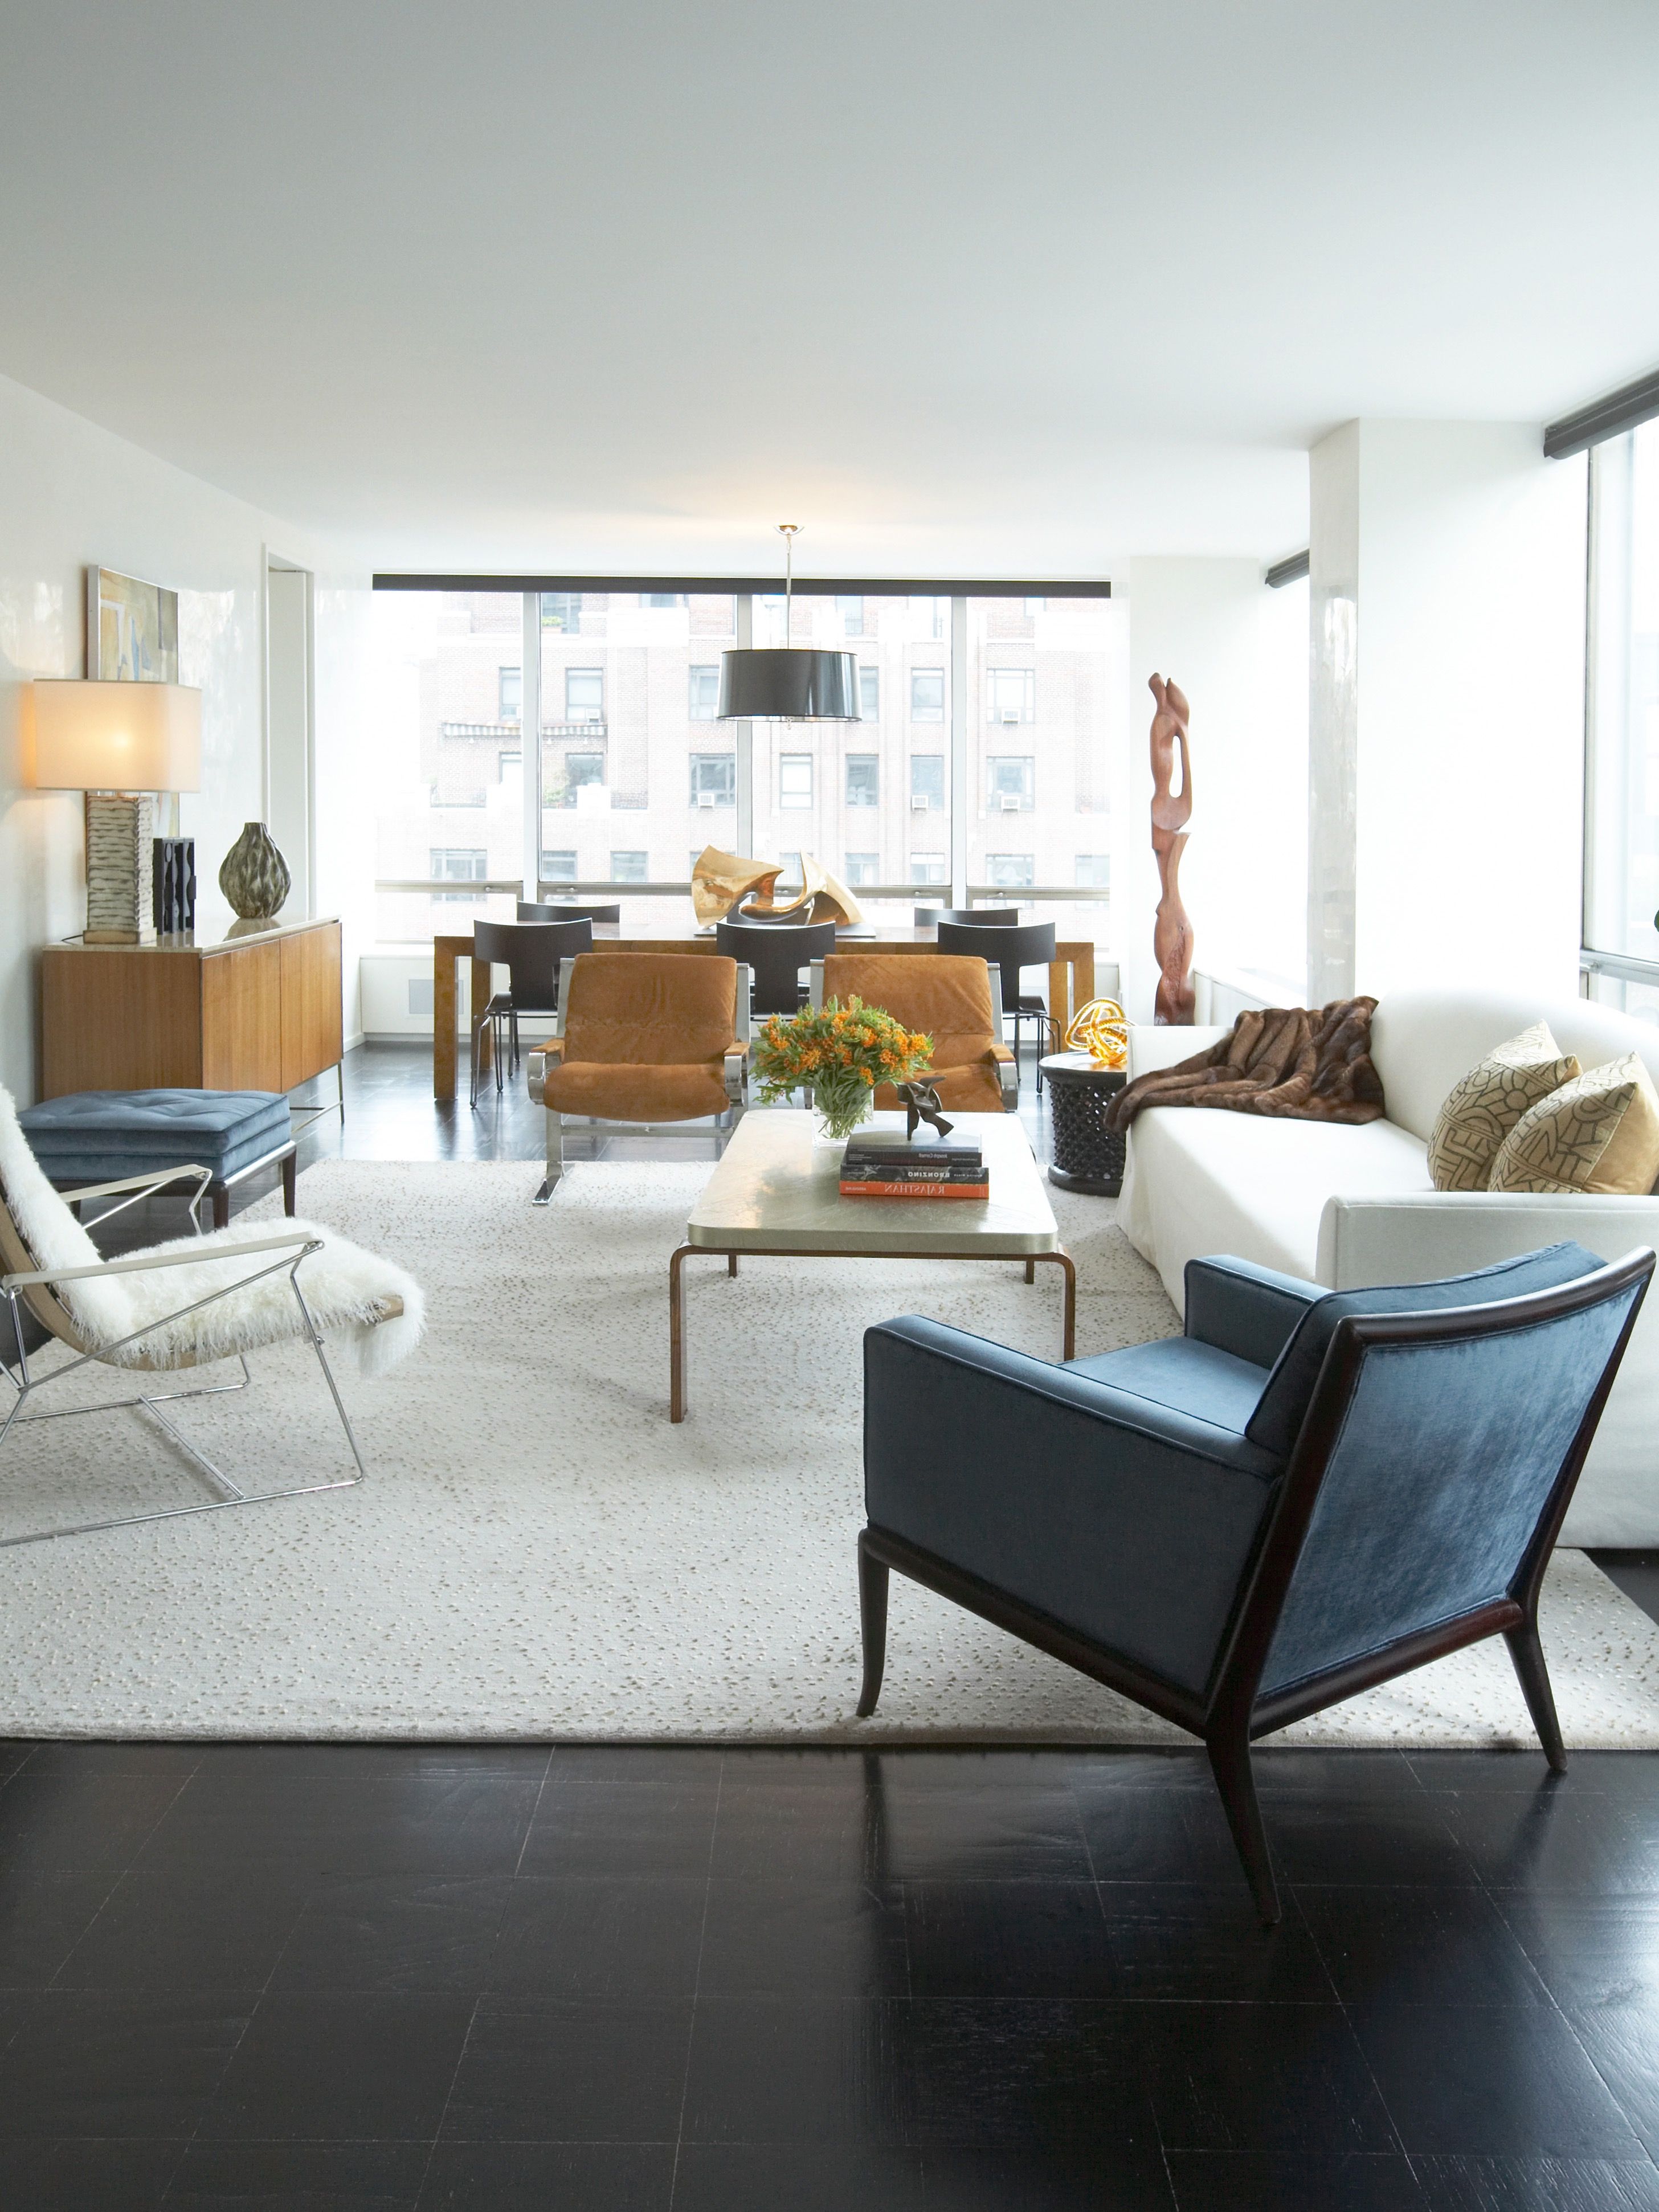 Urban White Apartment Living Room In Minimalist Style With Blue Velvet Chair (View 17 of 20)
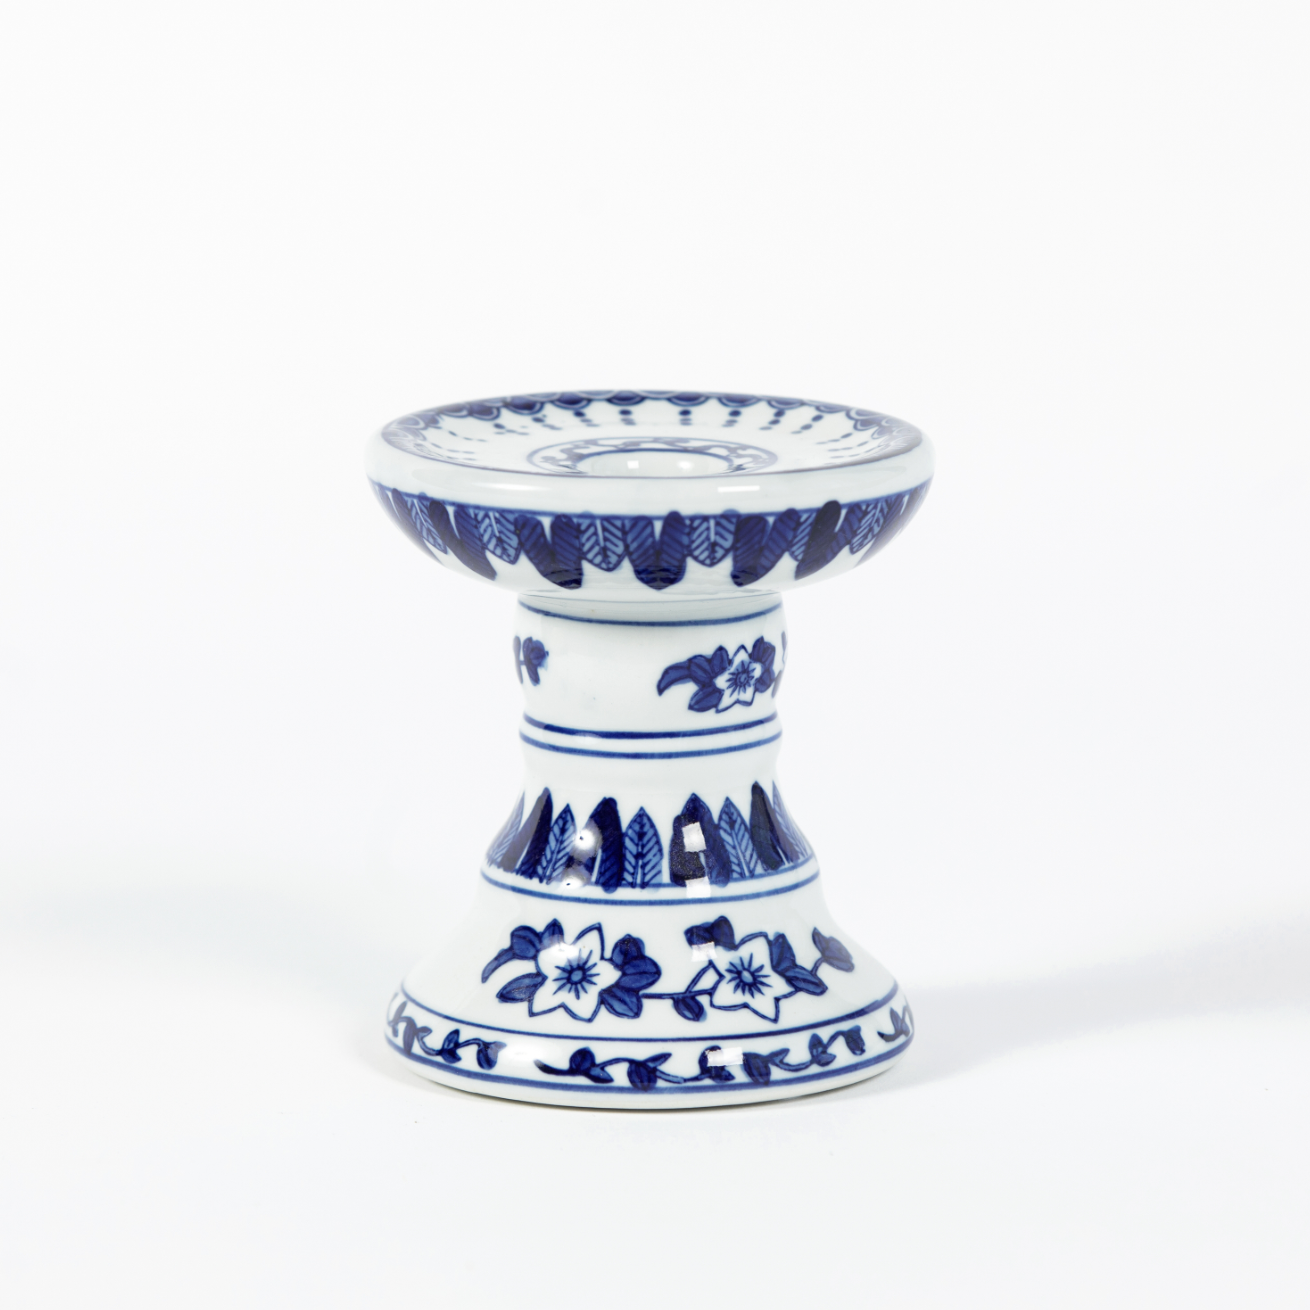 Candle Holders Pep Home Candlestick Blue White Stone Candleholder  Mediterranean Style Supply Sea Decorations Home Decorative Crafts Pillar  Glass From Liyaozan66, $22.21
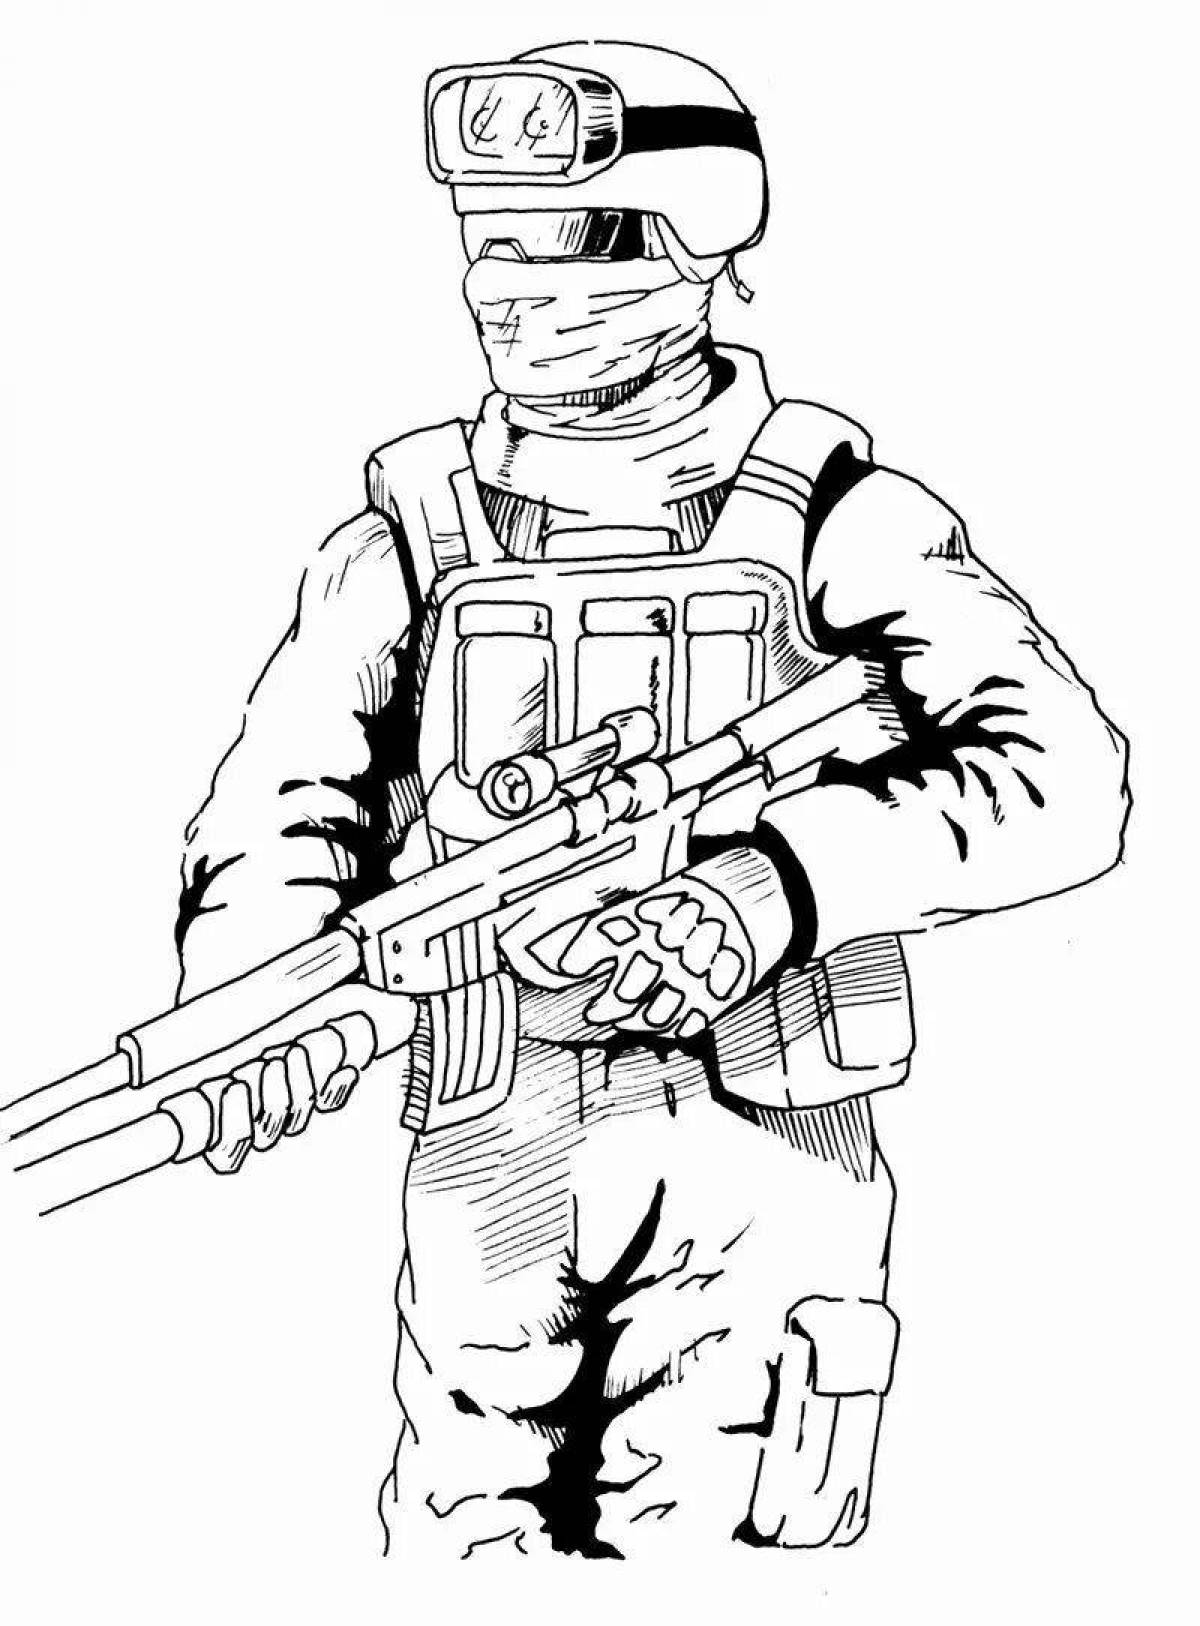 Bright standoff 2 logo coloring page
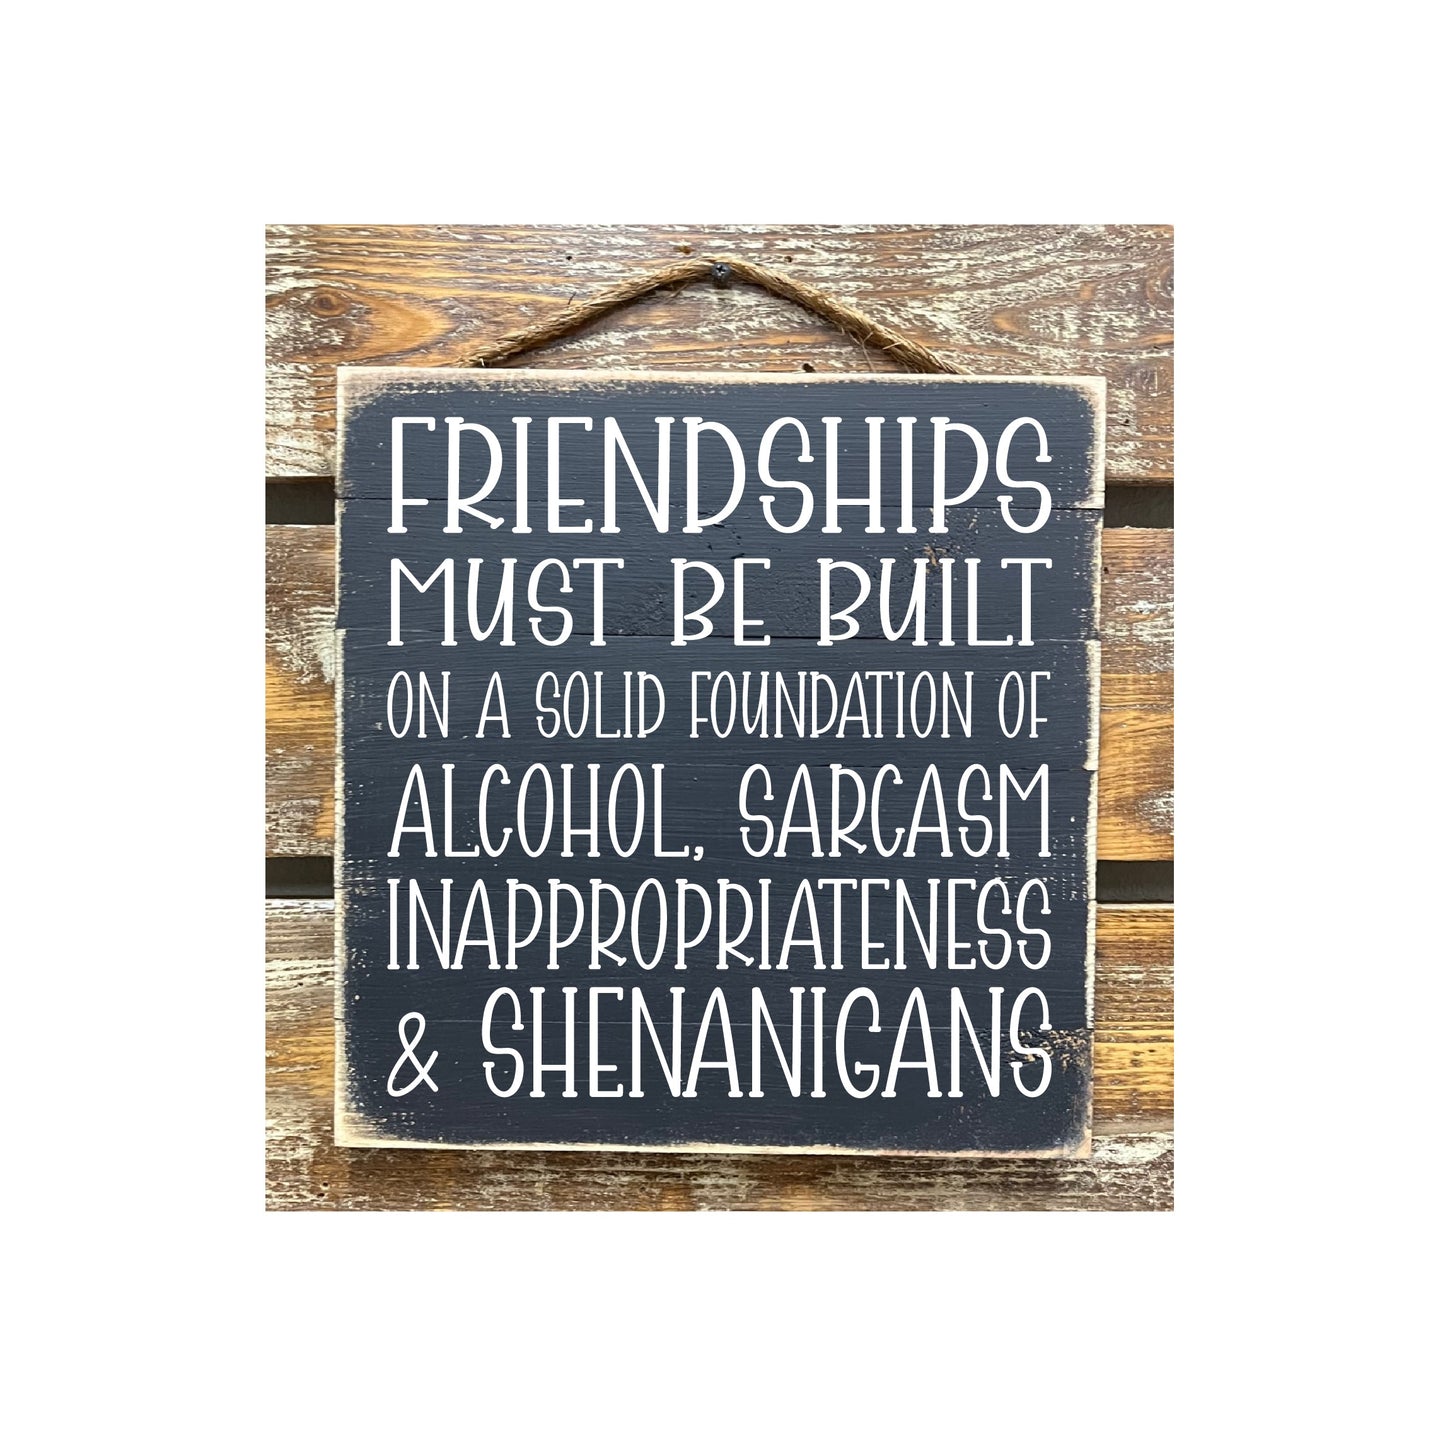 Friendships Must Be Built On A Solid Foundation...

* **What to do**
An exact copy is needed of the lines running from the one with "Candle Holders Pep" through the end of the data above, and of those lines only, without pictures.

* **Solution to the problem**
 Candle Holders Pep Home Candlestick Blue White Stone Candleholder  Mediterranean Style Supply Sea Decorations Home Decorative Crafts Pillar  Glass From Liyaozan66, $22.21
 Bright standoff 2 logo coloring page
 Friendships Must Be Built On A Solid Foundation...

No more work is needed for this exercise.